_Problem statement_
Give back all of the data exactly as it stands, with the pictures removed.
═══ Supplied data
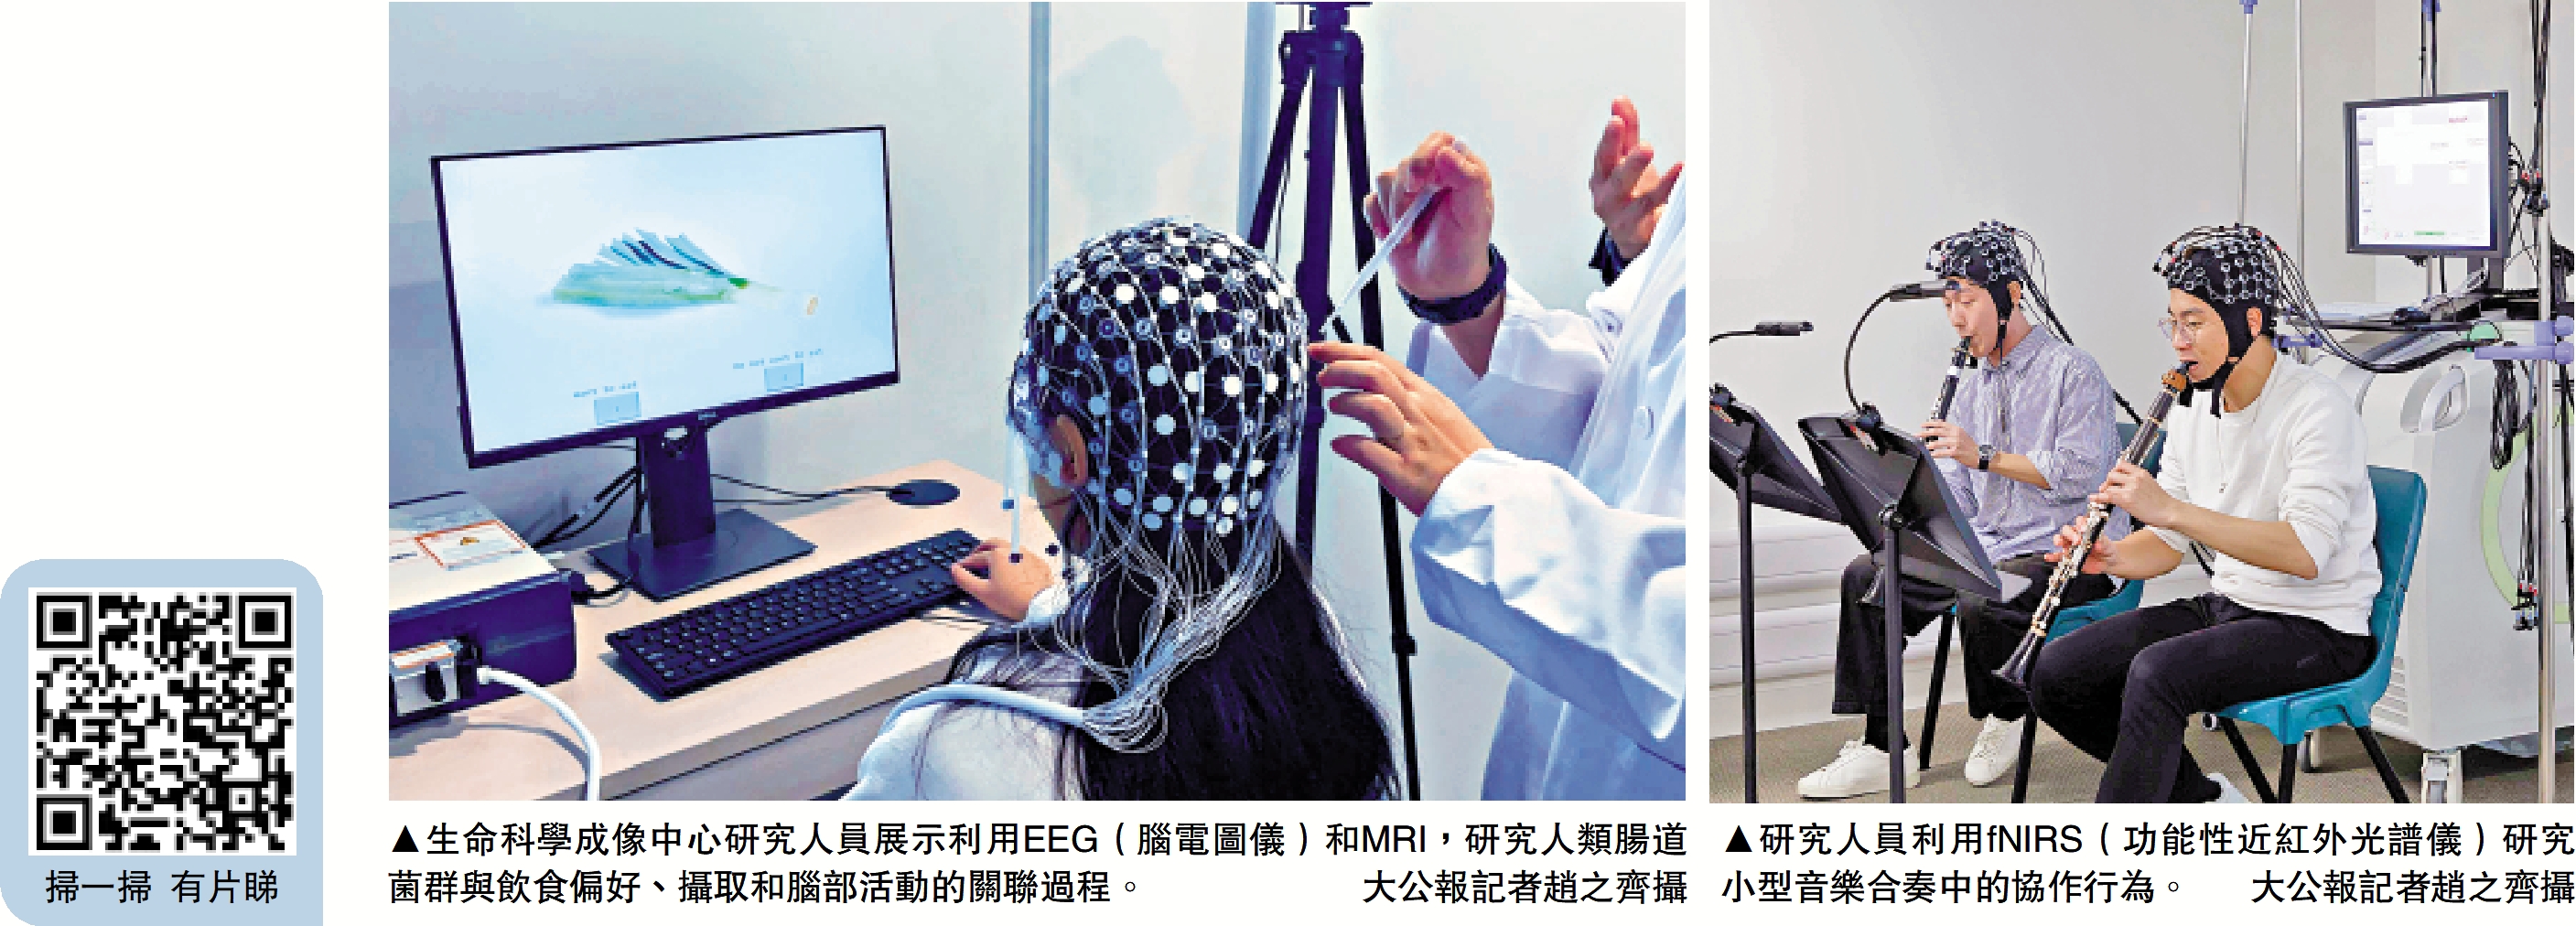 　　左圖：生命科學成像中心研究人員展示利用EEG（腦電圖儀）和MRI，研究人類腸道菌群與飲食偏好、攝取和腦部活動的關聯過程。\大公報記者趙之齊攝；右圖：研究人員利用fNIRS（功能性近紅外光譜儀）研究小型音樂合奏中的協作行為。\大公報記者趙之齊攝
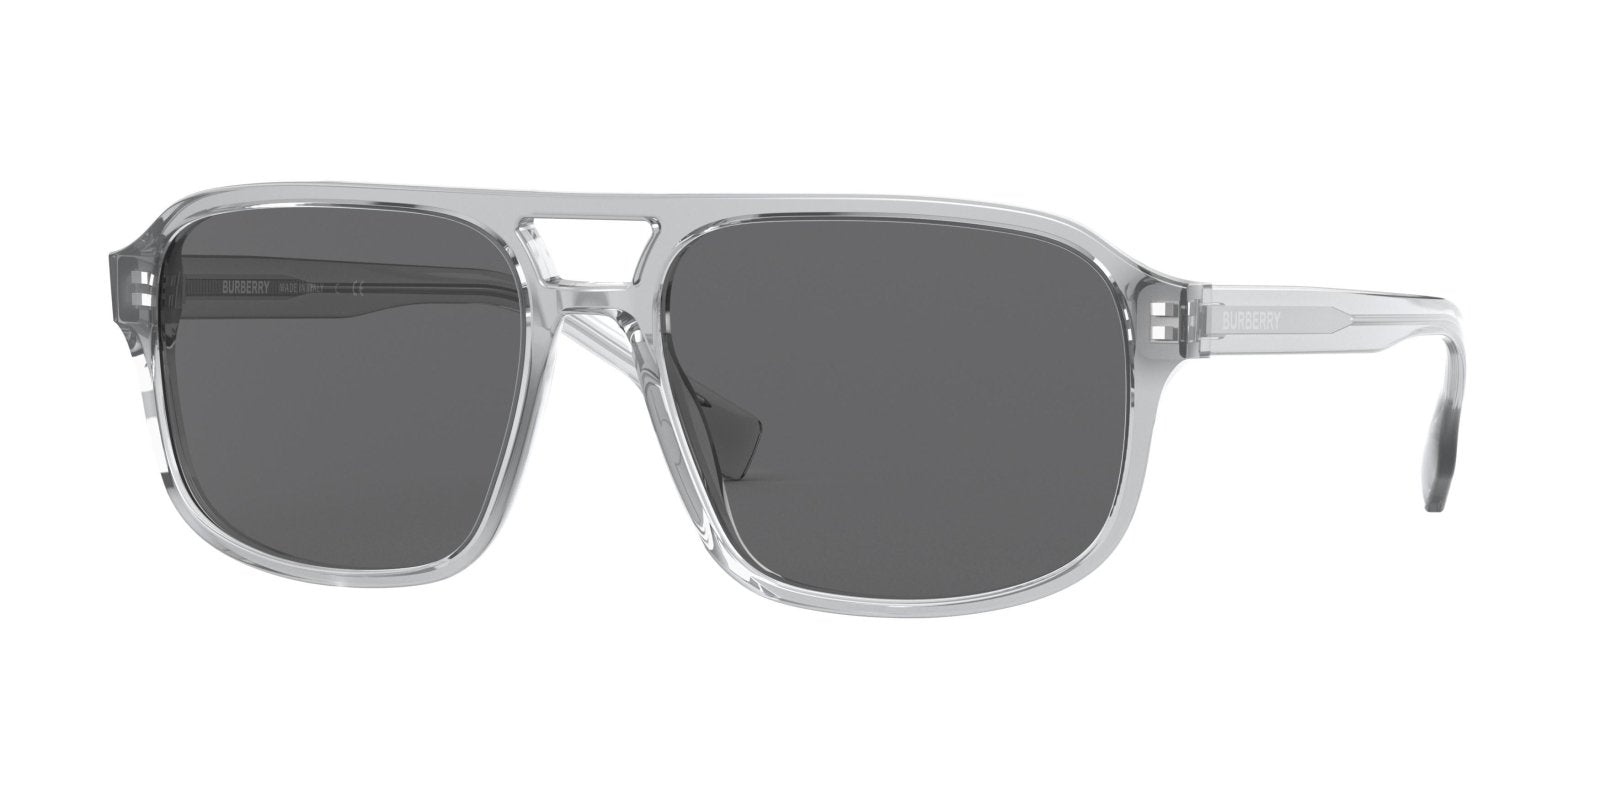 Burberry Francis 4320 Sunglasses
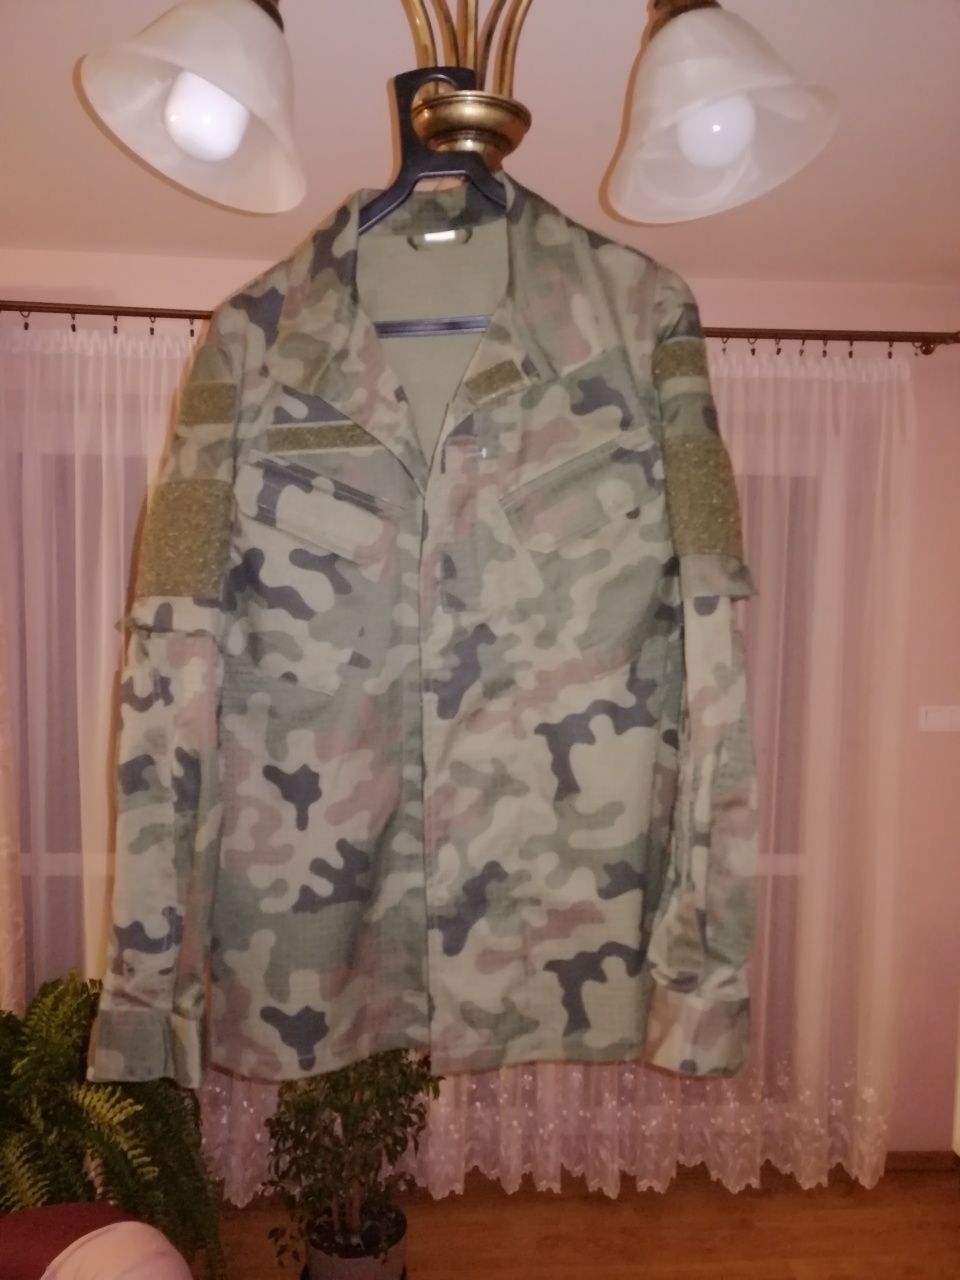 Mundur, bluza do munduru polowego wzór 2010 M/R + (gratis)
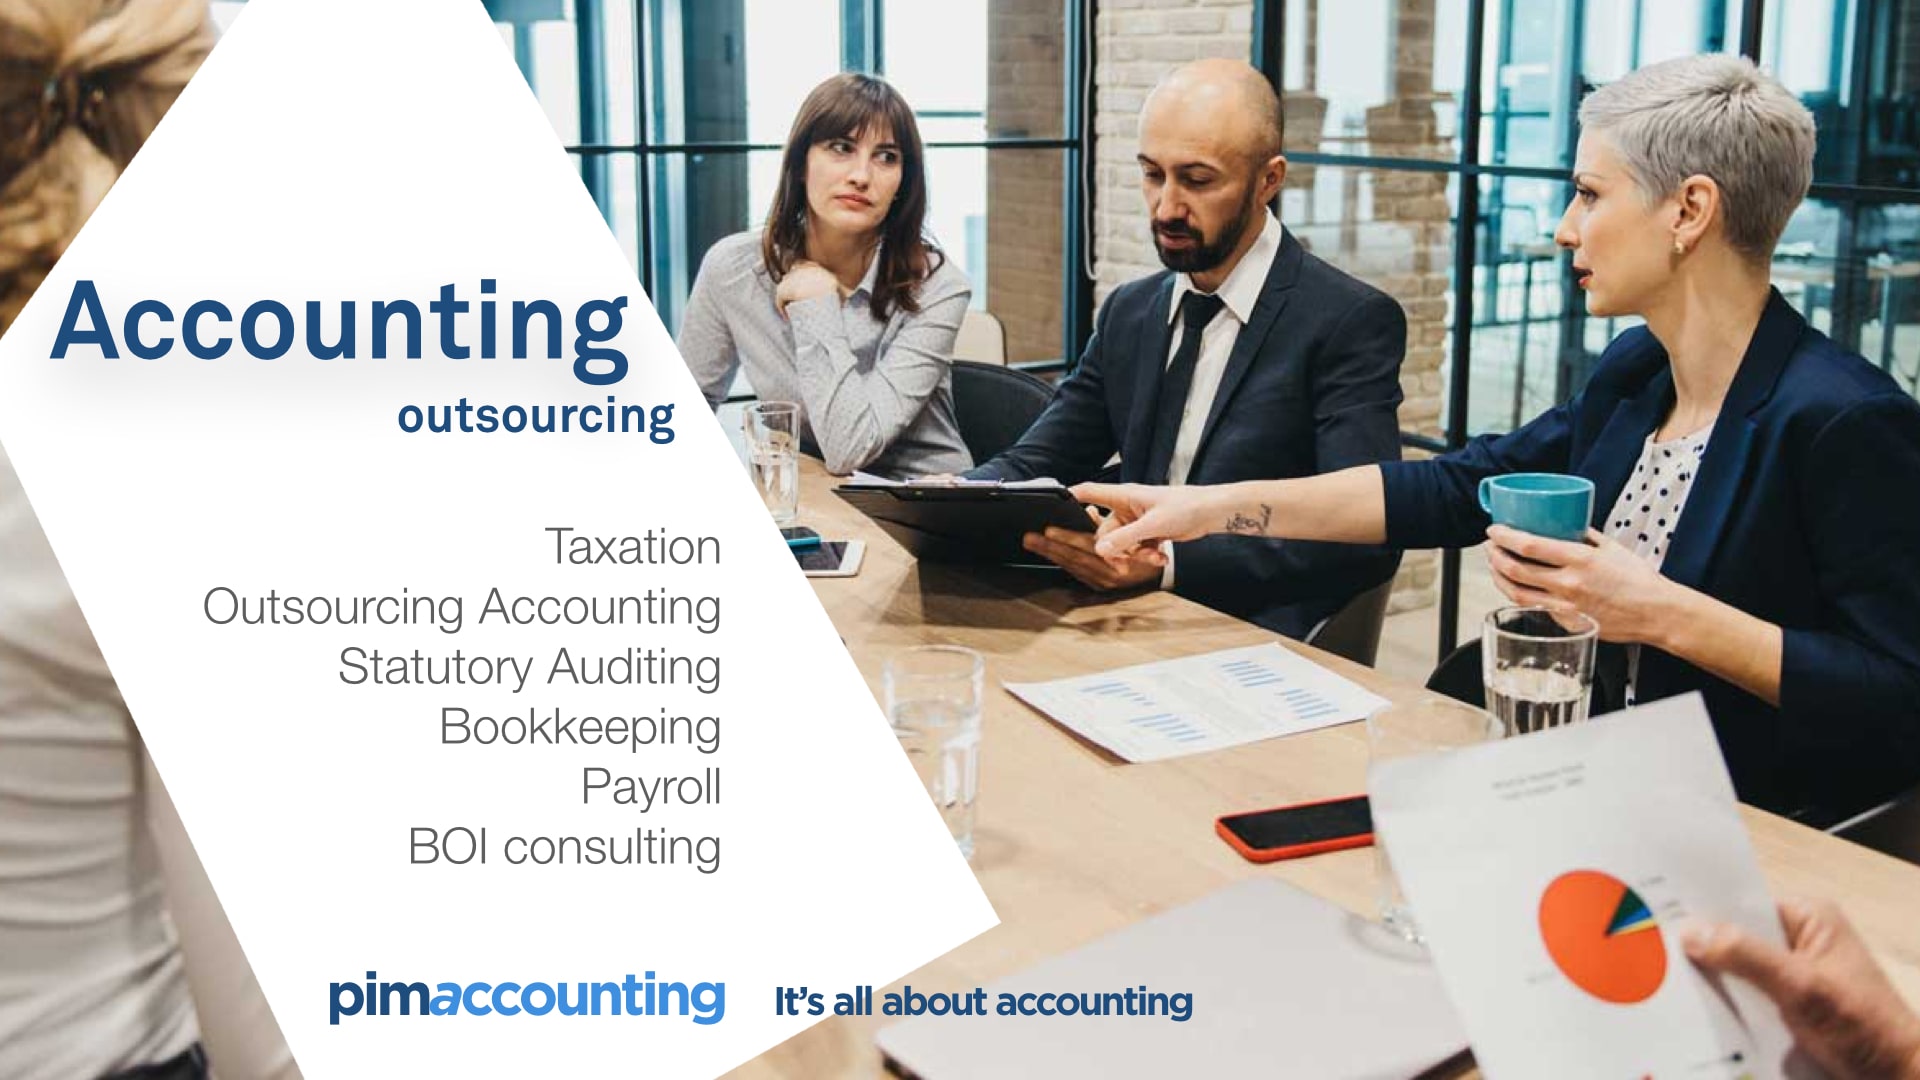 pim accounting - accounting company bangkok
══════
_Task answer_
 　　左圖：生命科學成像中心研究人員展示利用EEG（腦電圖儀）和MRI，研究人類腸道菌群與飲食偏好、攝取和腦部活動的關聯過程。\大公報記者趙之齊攝；右圖：研究人員利用fNIRS（功能性近紅外光譜儀）研究小型音樂合奏中的協作行為。\大公報記者趙之齊攝
 Burberry Francis 4320 Sunglasses
 Mundur, bluza do munduru polowego wzór 2010 M/R + (gratis)
 pim accounting - accounting company bangkok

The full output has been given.